To be sure, the current economic situation, which caused this crisis, is indeed extraordinary. The Indian economy will witness a contraction, of at least 5% this year. Revenue collections will miss projections made in February, before the pandemic spread. However, GST’s problems go back to the pre-Covid-19 period. While most people agree that a unified tax was desirable (this continues to be the case), its revenue-generating abilities were grossly overestimated initially, especially because slabs have gone through constant revision. Just one example should make this clear. The budget estimate for Centre’s GST collections was ₹7.43 lakh crore in 2018-19, the first full budget after GST’s implementation. This number is just ₹6.9 lakh crore in 2020-21 — so, a tax head is expected to shrink even when GDP has grown. Even the reduced targets have not been realised. The Centre’s GST collections in 2018-19 and 2019-20 were only 78% and 90% of budgeted targets.

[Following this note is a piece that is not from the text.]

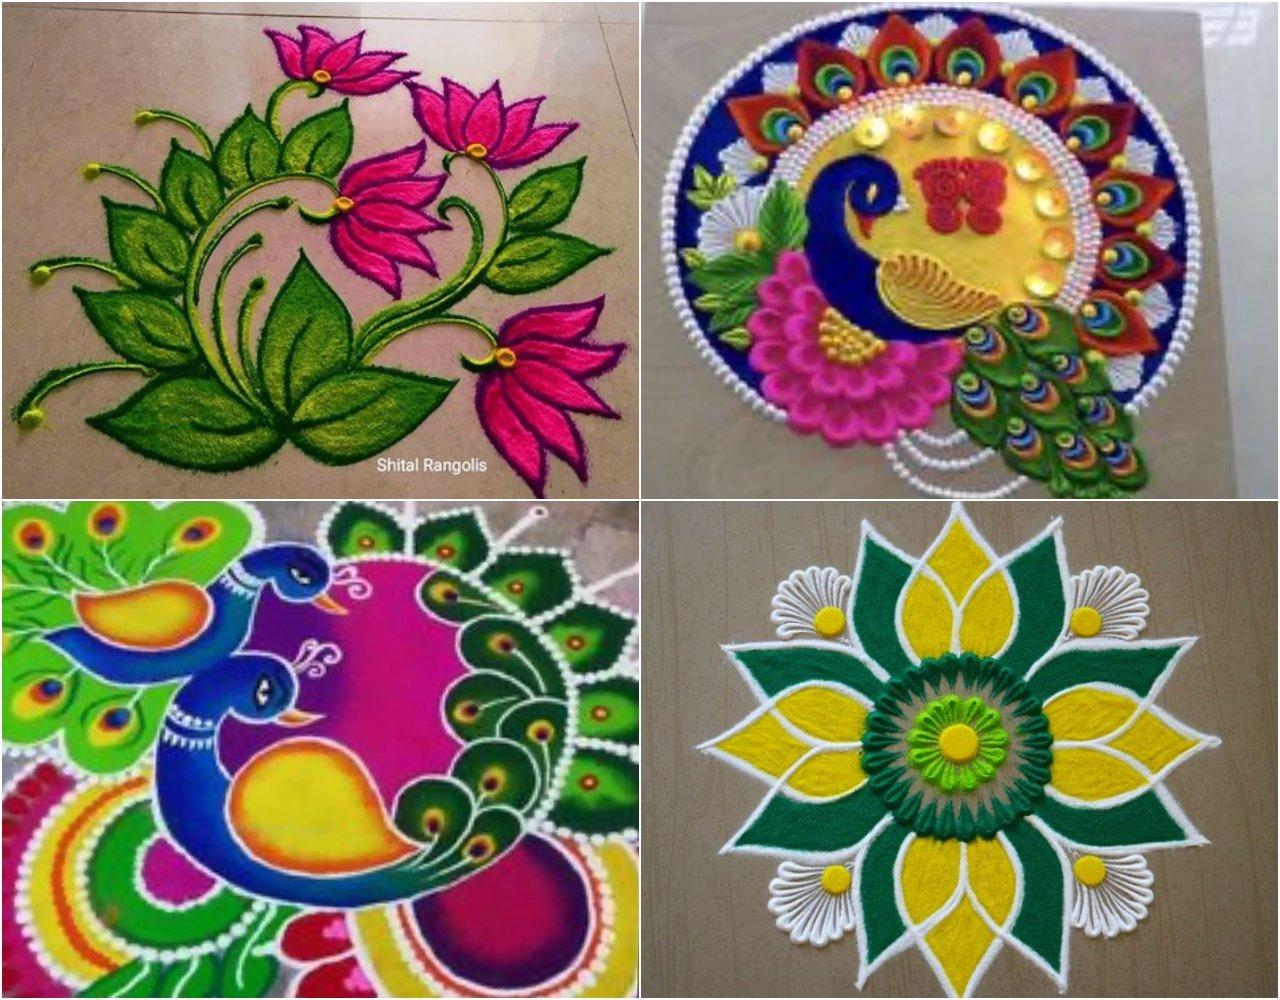 Buy Ascension 12 Different Design Draw Rangoli Making Kit, Rangoli Stamp -  Om, Swastik, Flower, Assorted Multi Colourful Rangoli Designs, Rangoli  Making Stencils,Plastic Online at Low Prices in India - Amazon.in

Even finance minister Nirmala Sitharaman, while speaking at the HT Leadership Summit in December 2019 acknowledged this point. “I am not saying that people did it (reduced rates) thoughtlessly, but in the enthusiasm to reduce taxes, that framework which was originally agreed at stage one of GST was distorted,” Sitharaman said, explaining that lowering the tax rate impacted the input tax credit and transferred more taxes to the buyer. A Reserve Bank of India report on state finances corroborates Sitharaman’s point. Against the revenue-neutral rate of 15.3% which was recommended by the Arvind Subramanian Committee, the weighted average GST rate has been falling continuously and was just 11.6% in July and September 2019.
A similar set of processes is underway again. Even as Sitharaman suggested, on August 25, the extension of cess on luxury and sin goods beyond the initial period of five years, she hinted towards reducing GST rates for two-wheelers. While tax breaks to boost the economy by spurring demand are always welcome, they cannot be decided without consideration of their fiscal implications.
GST has faced other issues too. Its teething troubles — many believe that it was implemented without adequate preparation — generated large headwinds for economic activity. The pre-Covid-19 deceleration in the Indian economy — GDP growth fell from 8.3% in 2016-17 to 7% in 2017-18, 6.1% in 2018-19 and 4.2% in 2019-20 — followed the back-to-back economic disruption from demonetisation and GST.
India’s GST experience raises a bigger point, and perhaps highlights a future lesson, about policy reforms. All reforms, no matter how desirable they are in principle, need to be thought through carefully before being rolled out. It is always tempting for regimes to fast track them, without weighing all pros and cons. This process becomes easier when a regime has tremendous political capital — like the BJP has had from 2014 onwards. However, when the crunch comes, like it has come for GST compensation today, or when there is more-than-expected collateral damage from reforms, both the government and citizens are left to face the consequences.
The forthcoming GST Council meeting should do all it can to preserve the sanctity of India’s fiscal federalism in letter and spirit. This process cannot be complete without an honest introspection of the GST’s formulation and evolution.